Depuis mon plus jeune âge, j’écrivais sans cesse et j’étais un fervent passionné de cinéma. Je dévorais toutes les revues, je collectionnais les fiches de films, je regardais tous les films qui sortaient. Mes parents m’ont transmis un amour du théâtre en m’amenant souvent voir des pièces, ils ont même animé un petit club de théâtre dans mon collège, ce qui a été un élément déclencheur. En licence de mathématiques, j’ai rencontré quelqu’un qui préparait une licence de cinéma, ce qui a été une révélation pour moi. Je me suis inscrit simultanément, et de fil en aiguille, j’ai osé. Puisque j’écrivais déjà beaucoup, j’ai commencé par réaliser mes premiers courts-métrages, puis Irène, qui a été nominé aux Césars, ce qui a véritablement lancé ma carrière.
Vos œuvres sont toujours empreintes d’espoir. Cela semble beaucoup en dire sur vous-même. Aujourd’hui, êtes-vous satisfait de l’homme que vous êtes devenu, avec cette enfance dont vous n’avez gardé que le meilleur, en particulier l’éducation ?

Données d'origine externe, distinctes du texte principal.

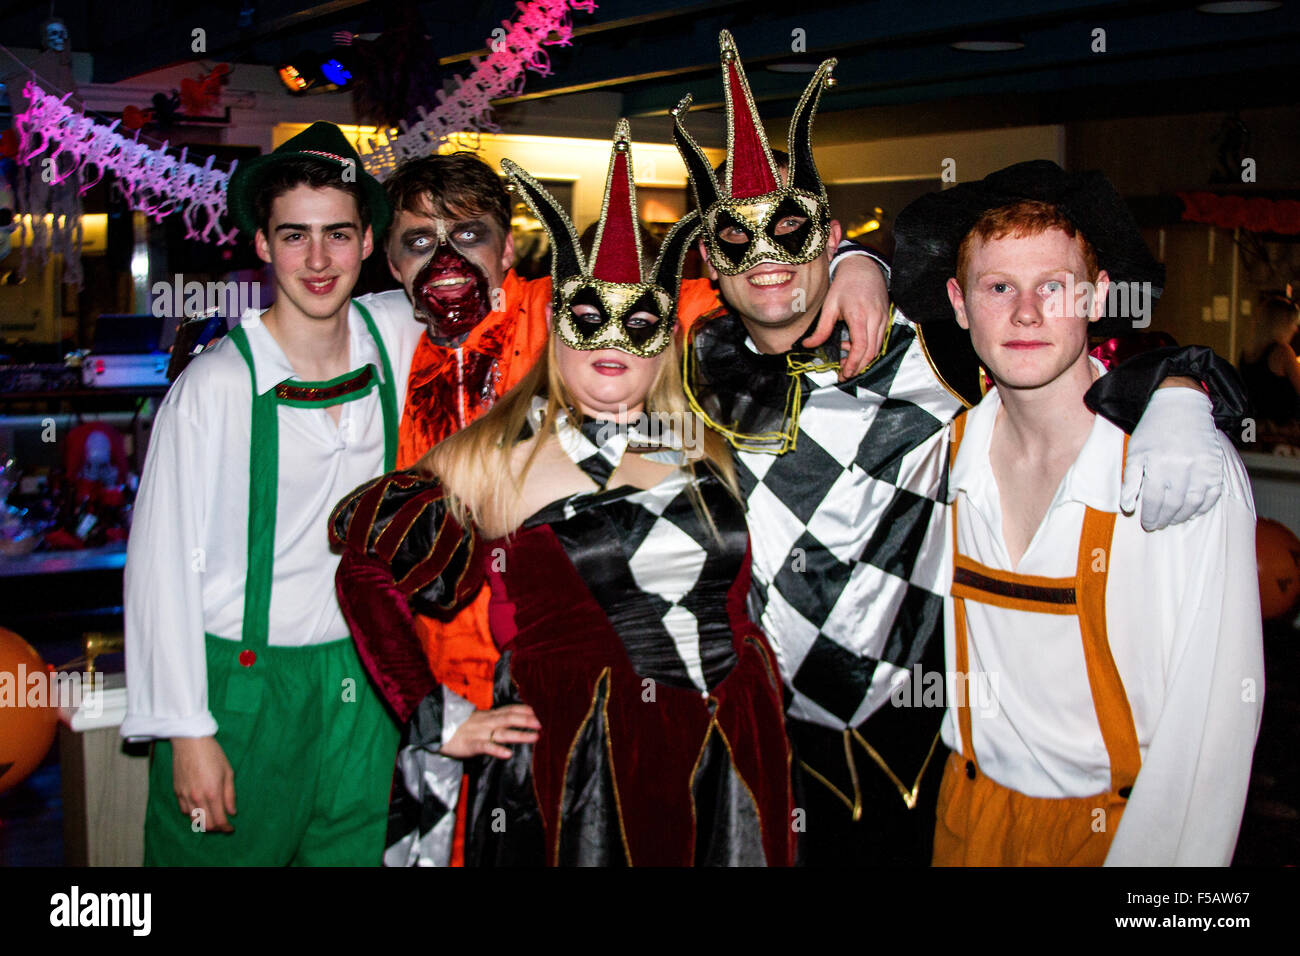 Dundee, Tayside, Scotland, UK, 31st October 2015 Halloween fundraiser event  for the special Bay Baby`s Unit at Ninewells Hospital which was held at the  Downfield Social Club in Dundee. © Dundee Photographics /

J’en suis satisfait. Le bonheur est, bien sûr, quelque chose de fluctuant. Je ne suis pas heureux tous les jours, mais je suis heureux de faire un métier que j’adore.
« J’ai envie de transmettre de l’espoir parce qu’on vit dans un monde qui en manque beaucoup. »
Ivan Calbéracà 42mag.fr
Les nouvelles du monde peuvent être dures à recevoir. Si on peut offrir aux gens une parenthèse de rires, de légèreté et d’espoir pour une heure et demie, c’est déjà un bon début. Les personnages de mes films s’améliorent souvent, ils évoluent, ils se humanisent. Même si cela peut sembler difficile dans la vraie vie, cela peut nous inspirer à tous. Si les gens sortent de la salle plus légers, je considère que j’ai accompli mon travail. Voir les salles rire beaucoup et les spectateurs sortir avec un énorme sourire est une grande satisfaction pour moi.
Vous tenez en quelque sorte le rôle d’un funambule, c’est-à-dire qu’il y a toujours cet équilibre entre la gravité et l’humour chez vous. C’est grâce à l’humour que vous avez réussi à rester debout et à affronter la vie ? Cela vous a-t-il permis de continuer à avancer, à croire ?
L’humour est une arme formidable, cela permet de prendre du recul. En réalité, l’humour c’est du drame vu avec du recul. Et quand on prend du recul, tout nous semble immédiatement plus gérable. Avoir la capacité de rire de ce qui nous arrive apporte un certain soulagement. Comme le disait Spinoza : « Depuis que tu ris de moi, je ne m’ennuie jamais ». J’essaye de suivre ce principe et rire de moi-même, et des péripéties qui jalonnent ma vie. Je n’y parviens pas tous les jours, mais c’est presque un mode de vie pour moi, et en outre c’est mon métier. Mon travail consiste aussi à dénicher des situations qui feront rire les gens. Et pas uniquement pour cela car il y a un autre aspect dans le film, car vers la fin celui-ci prend une tournure plus profonde. Toutefois, le principal objectif reste avant tout le rire, et autant que possible.
Il est donc clair que vous êtes un passionné de l’écriture, une « obsession textuelle » que vous assumez complètement. Actuellement, il y a aussi le théâtre dans votre vie.
Oui, c’est exact. Je suis en plein préparatif pour une pièce nommée Like qui sera présentée à Avignon au sein du festival et qui sera jouée en janvier à Paris. En outre, ma pièce Glenn, naissance d’un prodige sera de nouveau à l’affiche à partir de septembre au Théâtre Montparnasse.